Sarcoidosis presenting with isolated central nervous system clinical features is very rare and could be misdiagnosed, leading to poor clinical outcomes. To our knowledge, a similar clinical diagnostic dilemma is not reported. Timely diagnosis and treatment allow early treatment, improving prognosis and reducing complications and hospitalization time.
37-year-old Afro-American male with a history of sickle cell trait, longstanding paresthesias, chronic migraine, intermittent horizontal diplopia for two years presented with worsening headaches, blurred vision with intermittent horizontal diplopia for eight months, lost 20 pounds with insomnia had a nonfocal neurological examination.

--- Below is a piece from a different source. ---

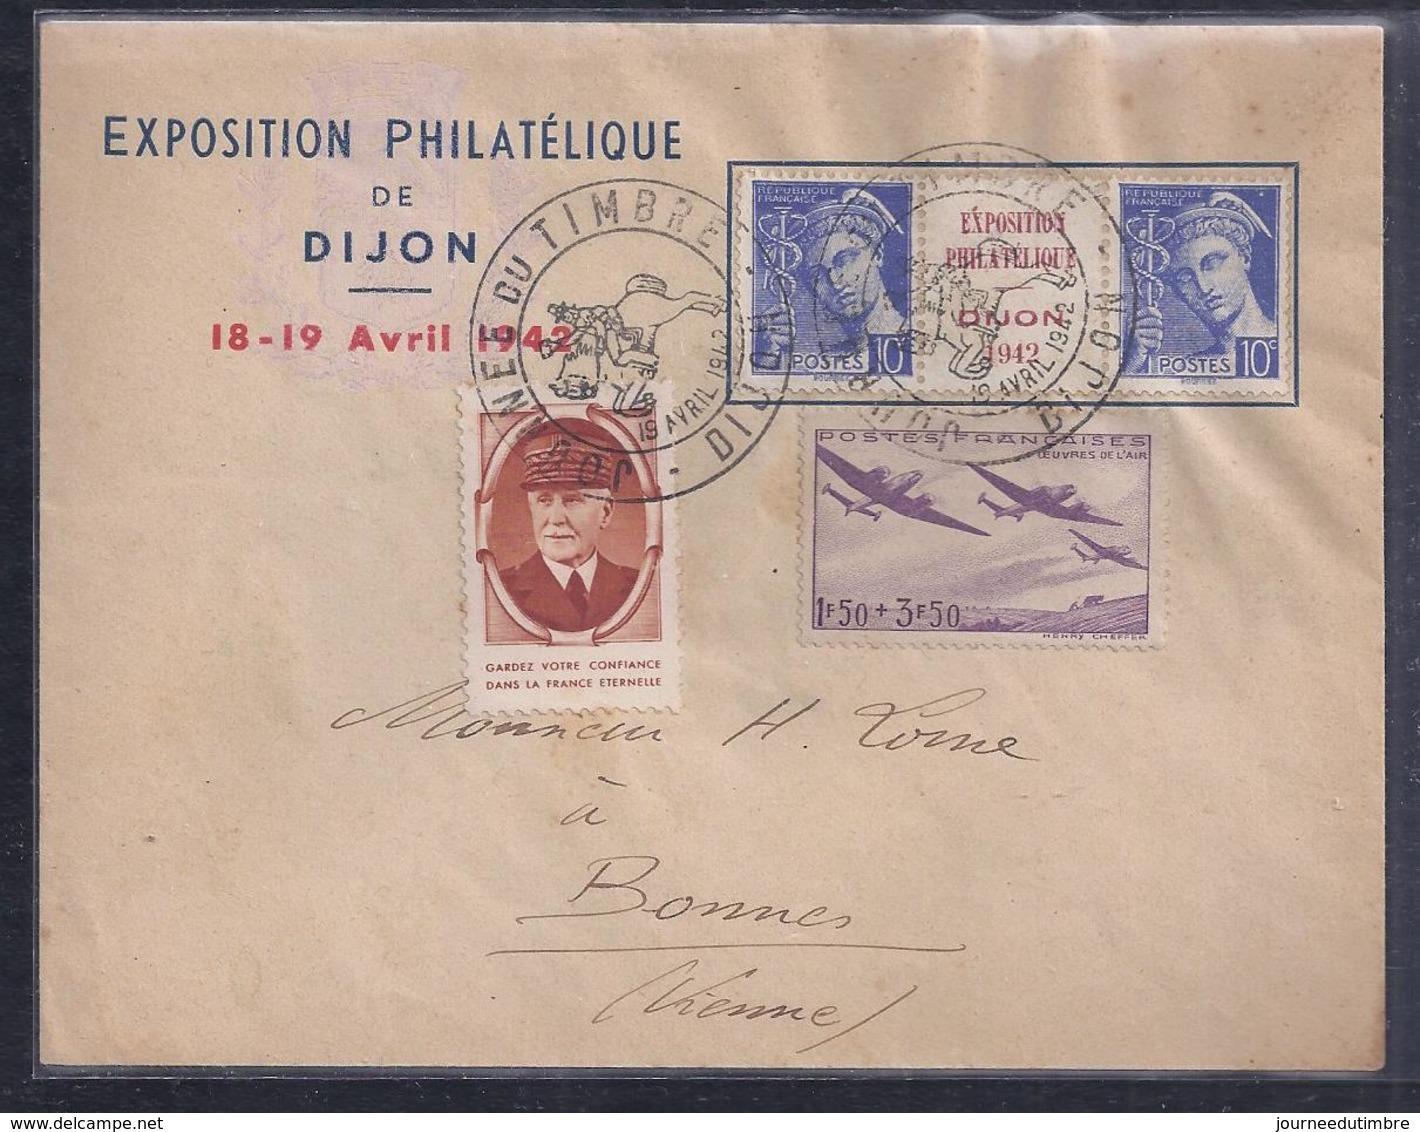 Enveloppe Locale Exposition Philatelique Journee Du Timbre 1942 Dijon  Tryptique Mercure Petain Vignette Oeuvres Air - France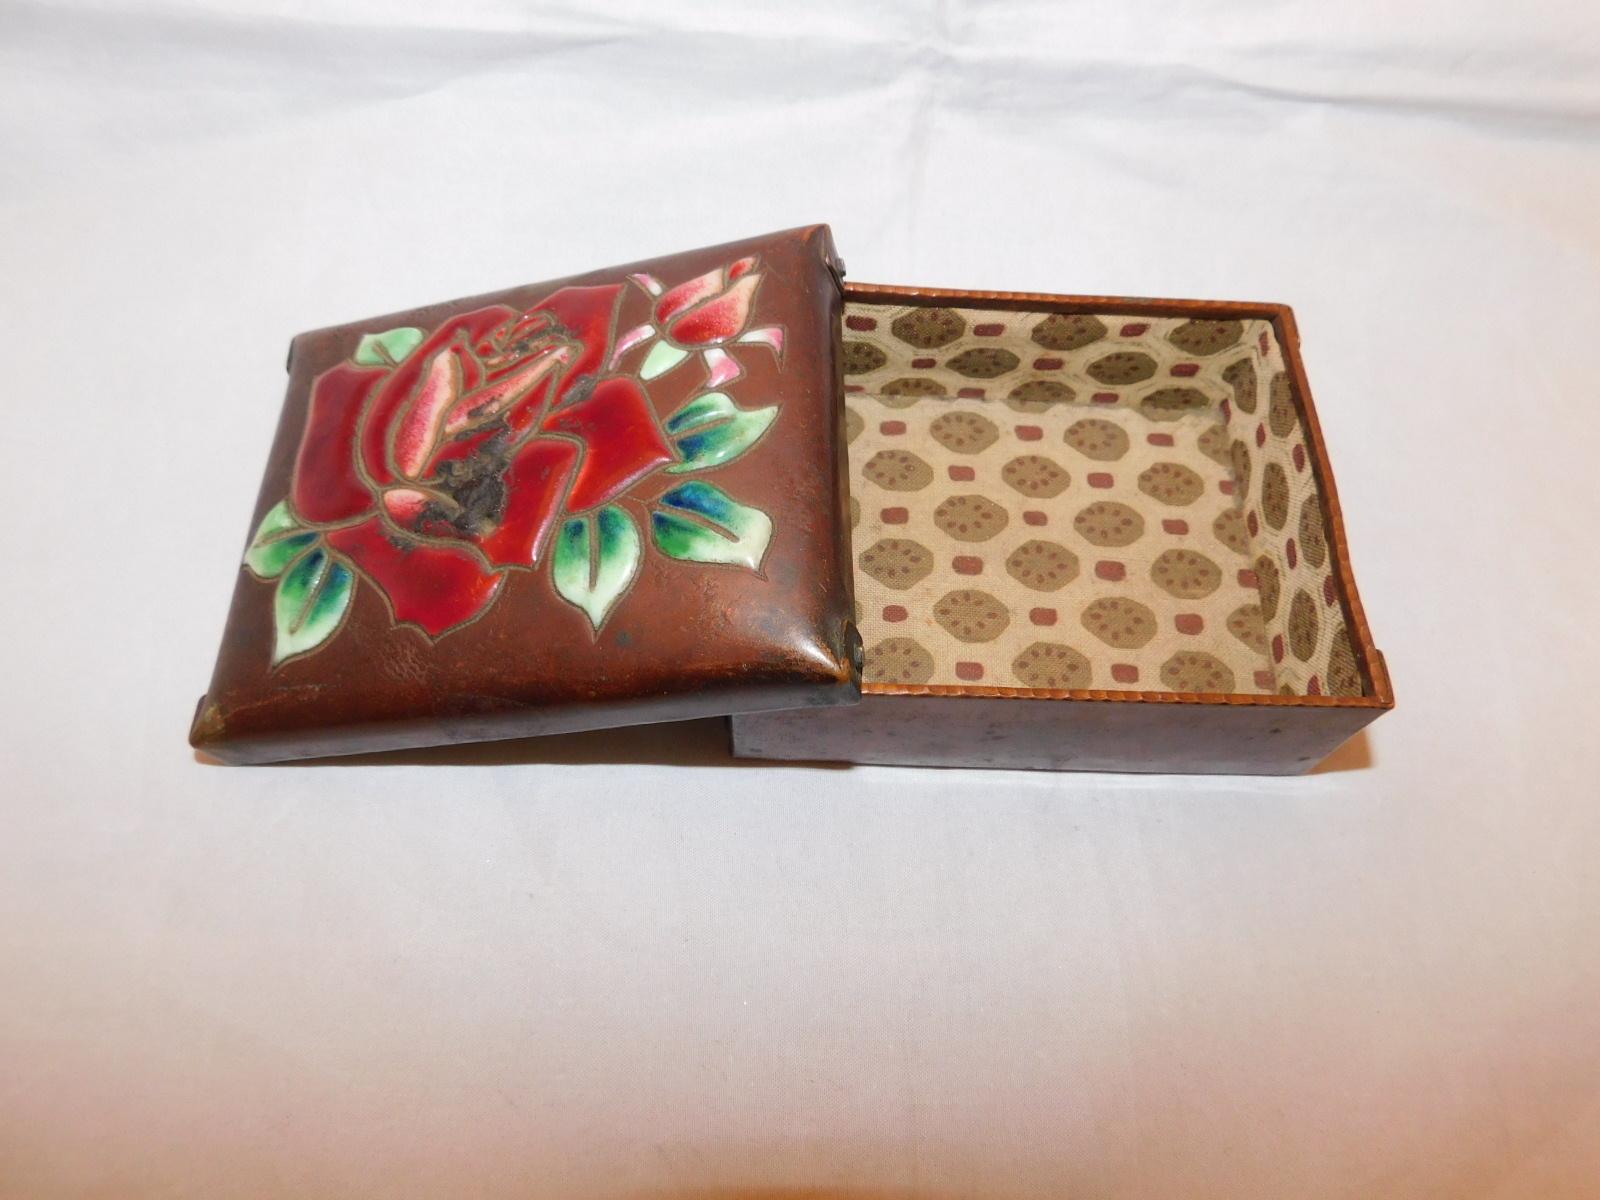 安藤七宝薔薇宝石入れ Ando cloisonne enamel jewelry case(rose)

Initial MRI brain with and without contrast done two years prior to hospital admission was unremarkable. MRI brain at the time of presentation showed extensive nodular leptomeningeal enhancement involving the basilar cisterns, suprasellar cisterns, both cerebral hemispheres, and, to a lesser extent, the cerebellum along with moderate hydrocephalus and trans ependymal flow of CSF. MRI of the cervical spine showed scattered nodular leptomeningeal enhancement within the cervical and upper thoracic region, similar to findings demonstrated within the MRI of the brain. CSF: Elevated opening pressure at 29 cm. Elevated IgG index and protein at 56, ACE levels 5.2. Cytology was negative for malignancy. No signs of CSF infection. Elevated ESR at 38. Transbronchial biopsy showed noncaseating granuloma suggestive of sarcoidosis. Gamma interferon release and QuantiFERON were negative. Hospital course was complicated by cognitive decline, hydrocephalus, and cerebral edema, which improved with ventriculoperitoneal shunt, hallucinations, and hyperglycemia due to steroid therapy. Steroids were switched to methotrexate with clinical improvement.
Extensive diagnostic investigations and aggressive treatment of refractory cases decrease morbidity and mortality associated with Neurosarcoidosis. Clinical trials would determine optimal treatment strategies.